> _Data to examine_
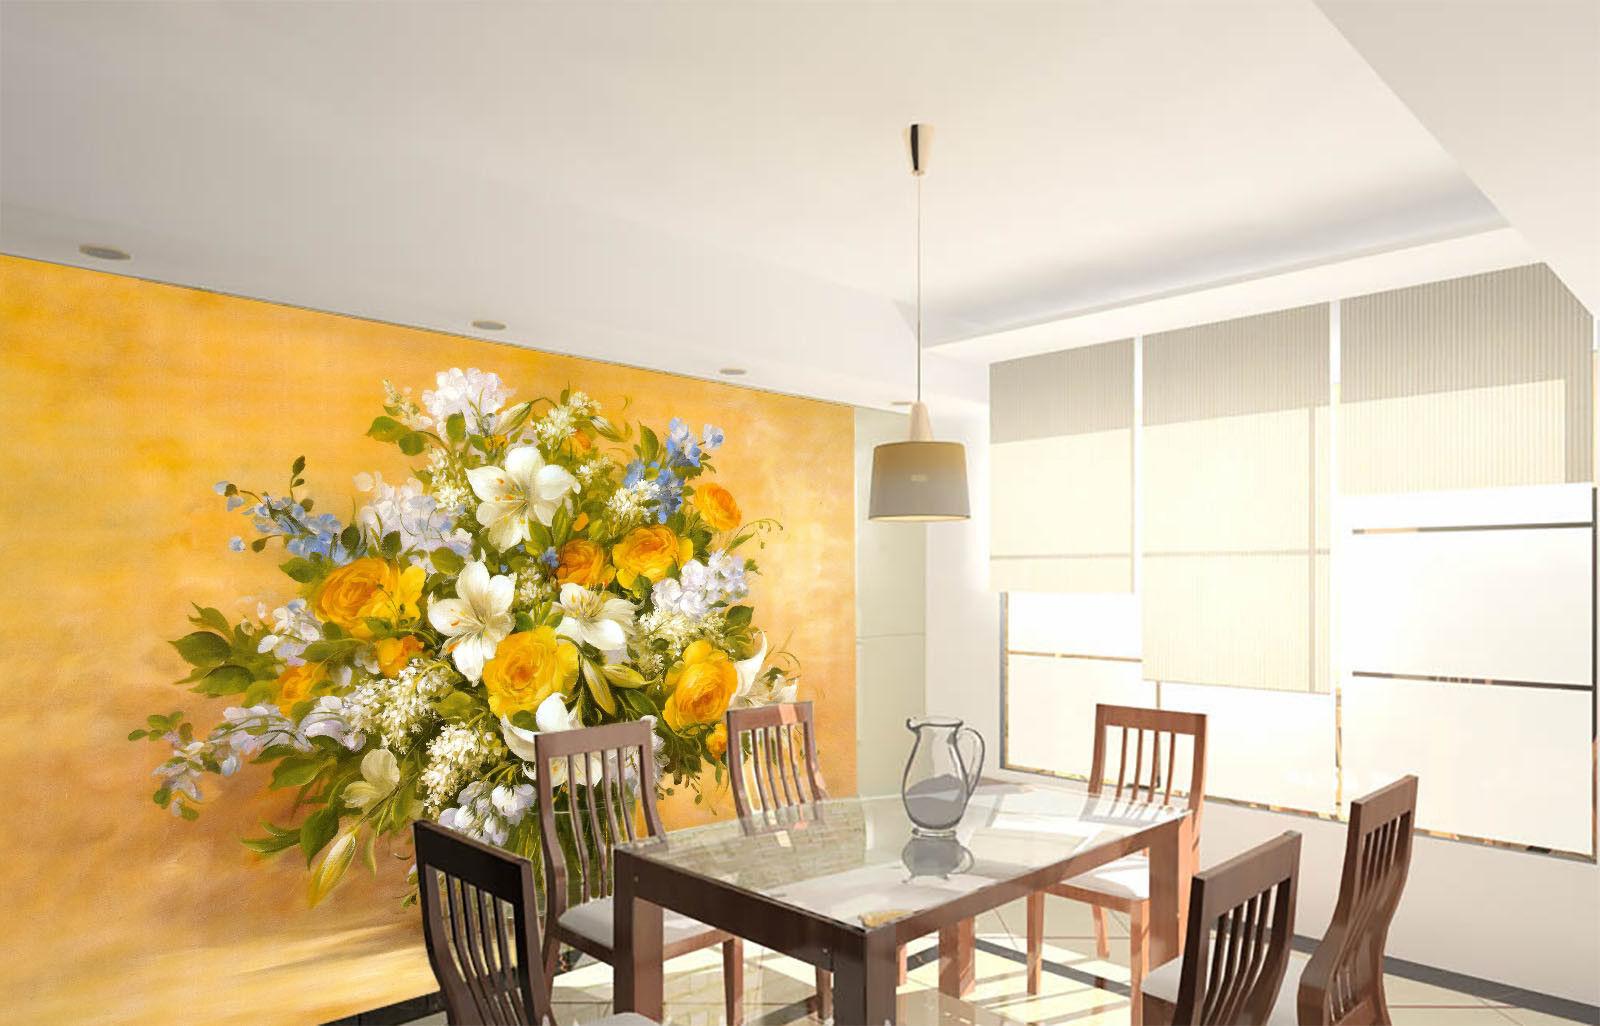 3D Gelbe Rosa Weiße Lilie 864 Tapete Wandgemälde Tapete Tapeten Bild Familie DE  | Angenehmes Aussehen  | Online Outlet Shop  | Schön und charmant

==

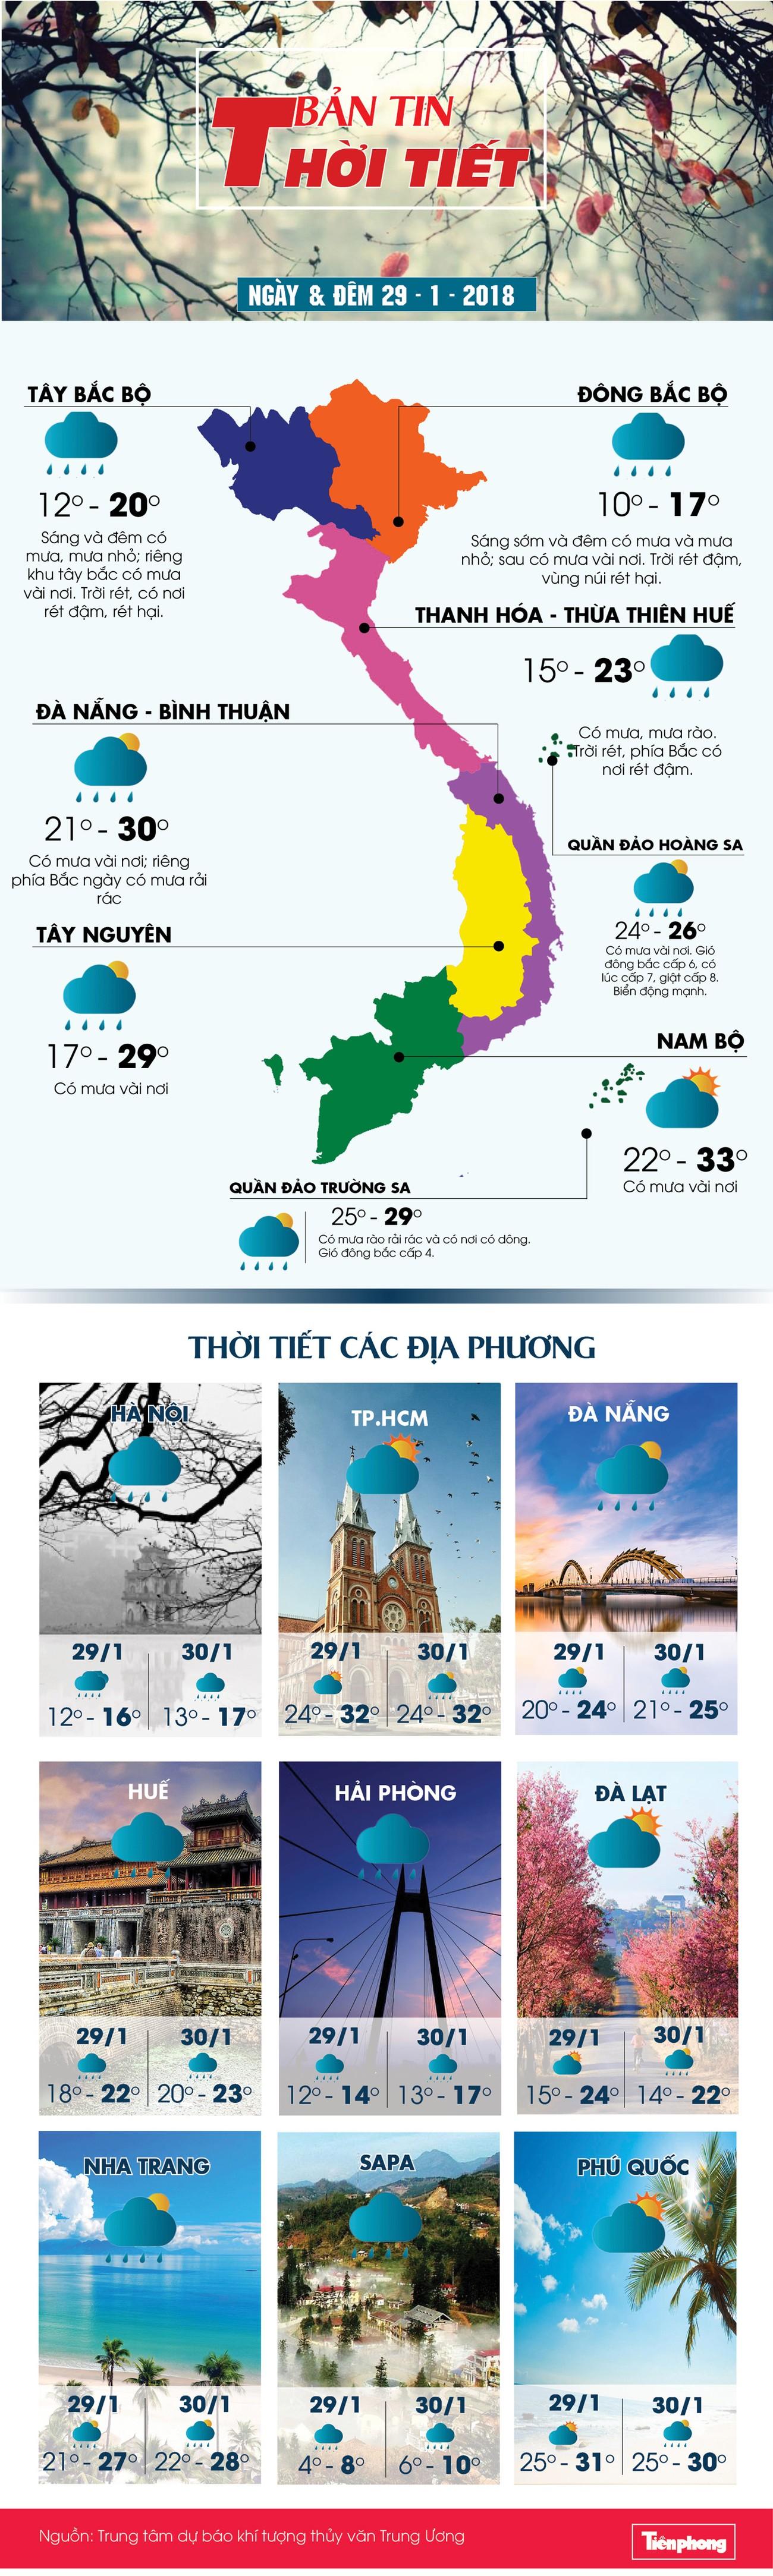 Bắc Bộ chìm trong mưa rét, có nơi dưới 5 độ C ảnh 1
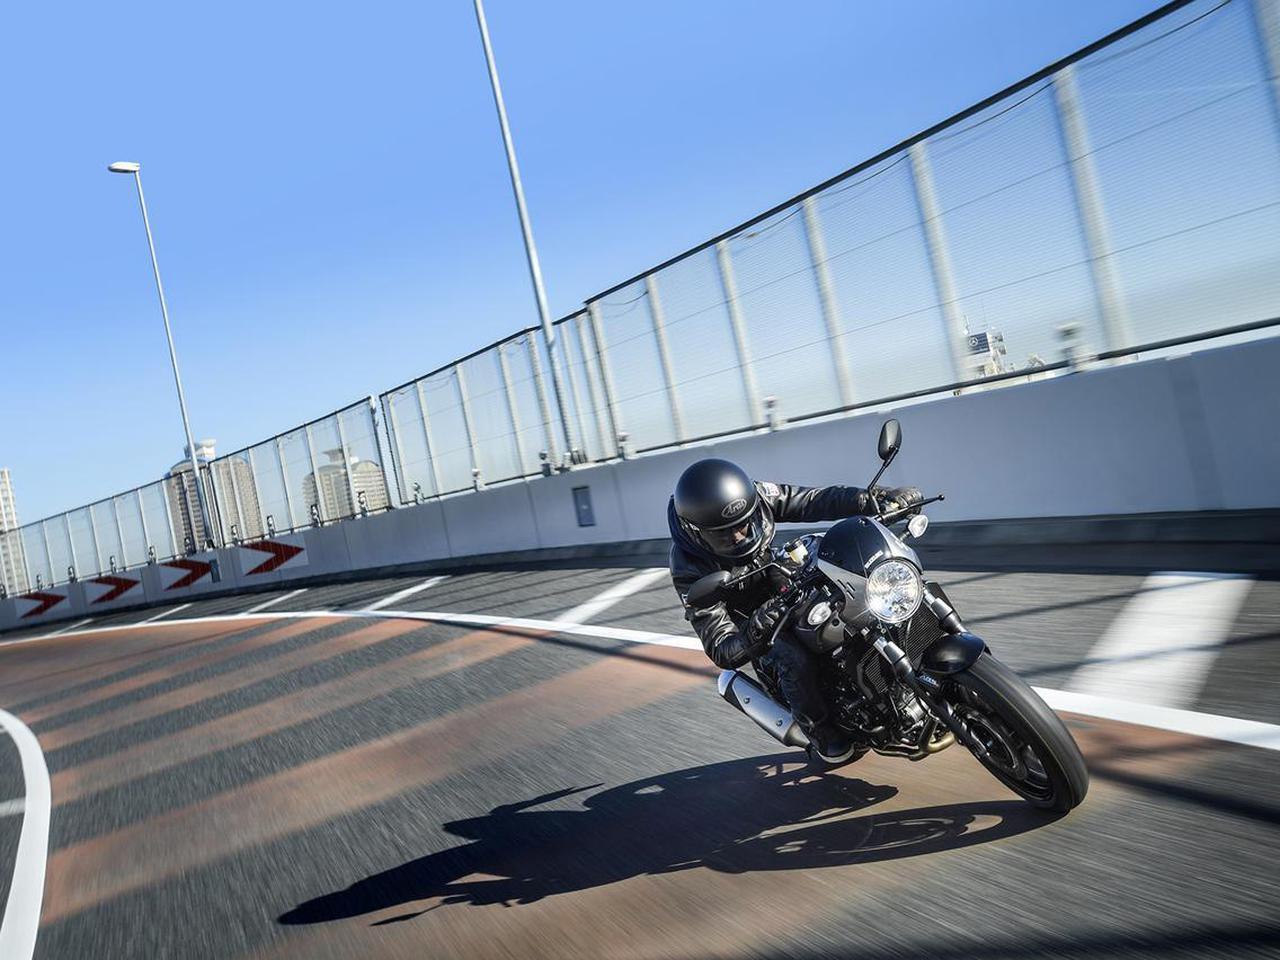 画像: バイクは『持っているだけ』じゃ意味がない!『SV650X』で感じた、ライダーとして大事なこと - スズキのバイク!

> _Work instruction_
In the listing above, find the line with "Bắc Bộ chìm" and the line with "画像: バイクは『持っているだけ』じゃ意味がない!『SV650X』で感じた、ライダーとして大事なこと - スズキのバイク!". Output both, plus every line between them, and no pictures.

> _Result of this task_
 Bắc Bộ chìm trong mưa rét, có nơi dưới 5 độ C ảnh 1
 画像: バイクは『持っているだけ』じゃ意味がない!『SV650X』で感じた、ライダーとして大事なこと - スズキのバイク!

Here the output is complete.